In Shanghai, for example, Chinese authorities had to spend $1 billion to clean the Suzhou Creek, which runs through the metropolis and was once a health risk to residents.
Chinese officials acknowledged the cleanup costs were many times higher than the cost of preventing the pollution, the bank said.
"Failure to act on sanitation and wastewater eventually comes home to roost when the problem results in a smelly, foul, turgid river that despoils a city and surrounding areas," said Amy Leung, the ADB's urban development specialist.
"But the real horror is the outbreak of typhoid and cholera caused by inadequate sanitation," she said in a statement.
About 2 billion Asians -- roughly 66 percent of the region's total population -- lack access to adequate sanitation, such as toilets, pit latrines, septic tanks, and sewage systems, the bank said. They account for nearly three-quarters of people worldwide without such facilities.
Adverse health effects not only hit the poor the hardest, but damage entire economies with increased strain on health systems, decline in tourism income, and loss of productivity, the Manila-based lending institution said.
India, for example, is estimated to lose more than $230 million each year in tourism revenue because of perceptions of poor sanitation.

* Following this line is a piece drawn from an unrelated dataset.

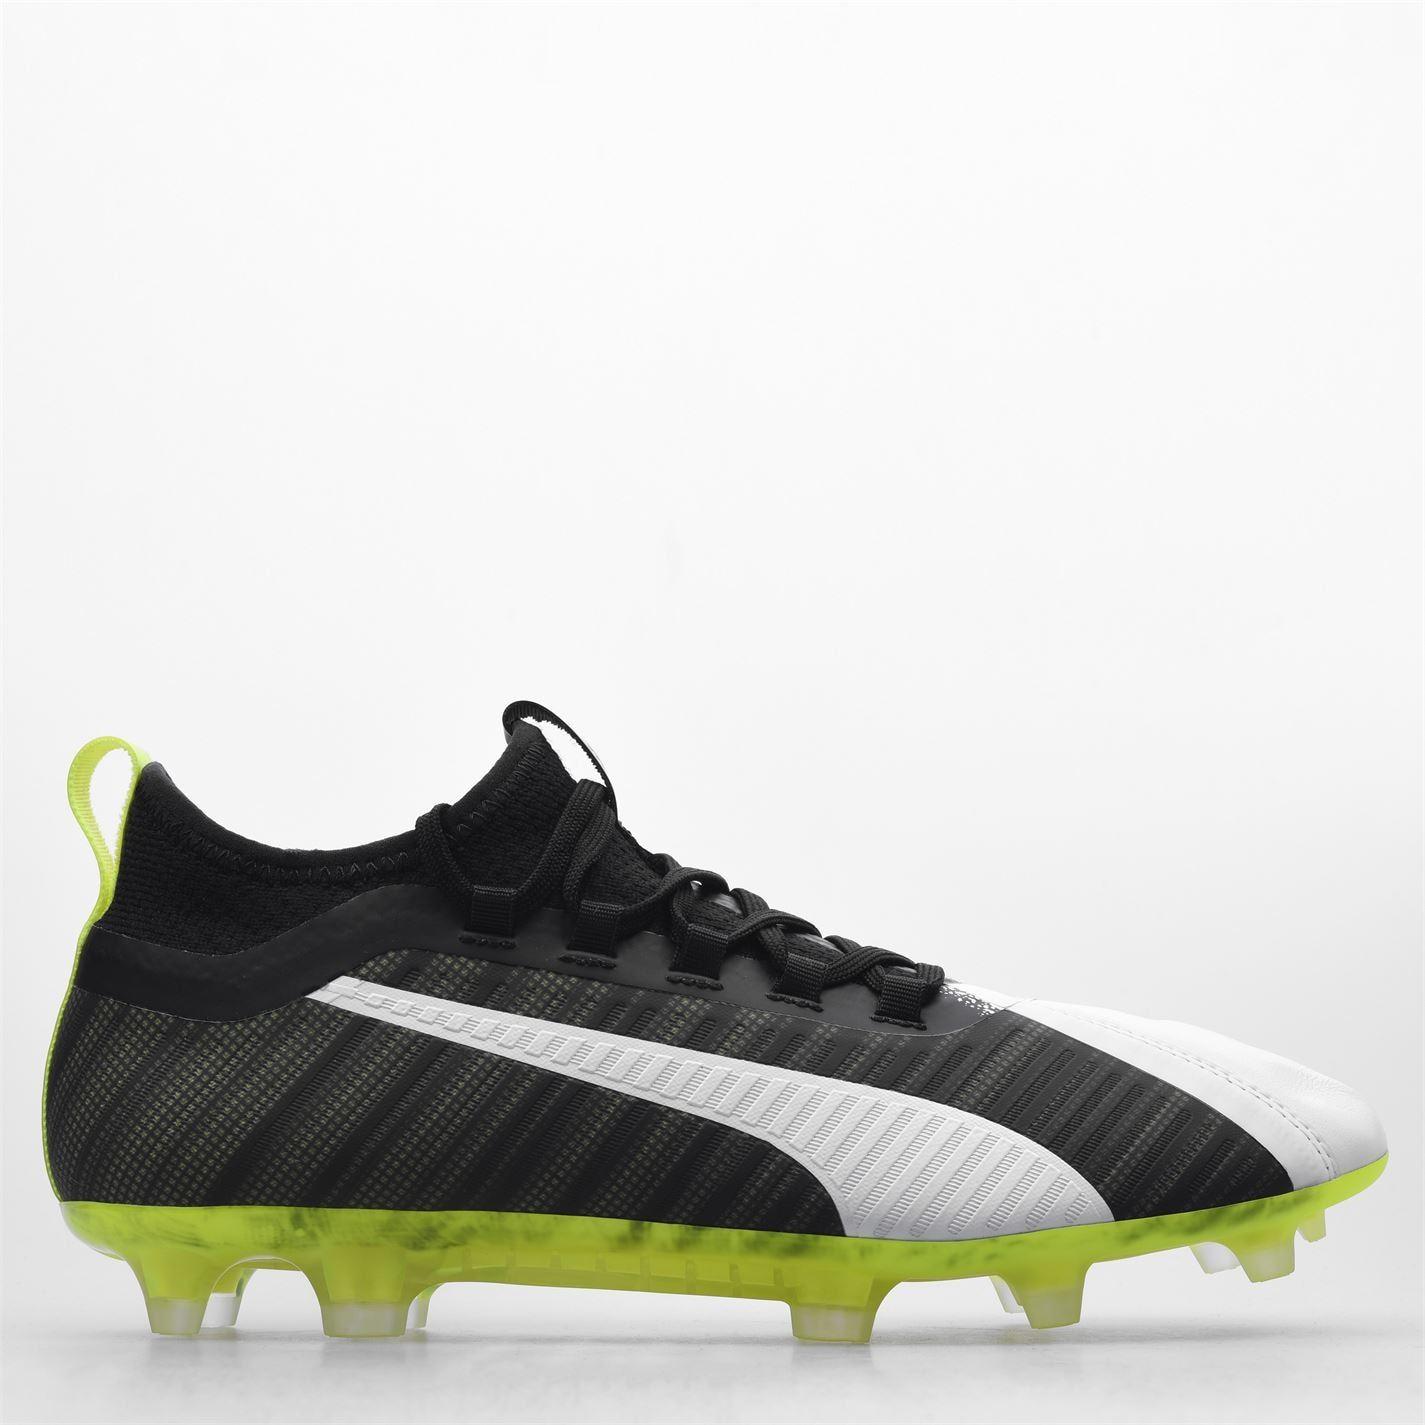 miniature 14 - Puma-5-2-FG-Firm-Ground-Football-Bottes-Homme-Chaussures-De-Foot-Crampons-Baskets

China last year announced plans to invest $125 billion in sanitation and wastewater treatment, a major step forward but still inadequate for its needs, the ADB said.
China's investment indicates the magnitude of funds needed in Asia for sanitation and wastewater infrastructure until 2015.
The bank said it has about $1.6 billion in the pipeline for investment in sanitation between now and 2010 and is looking for ways to double or triple that figure.
It also has dedicated an extra $20 million in grants to help governments and utilities improve their sanitation programs.
ADB experts were set to discuss the challenges at the World Water Week, an upcoming global conference on sanitation and other water issues in Stockholm.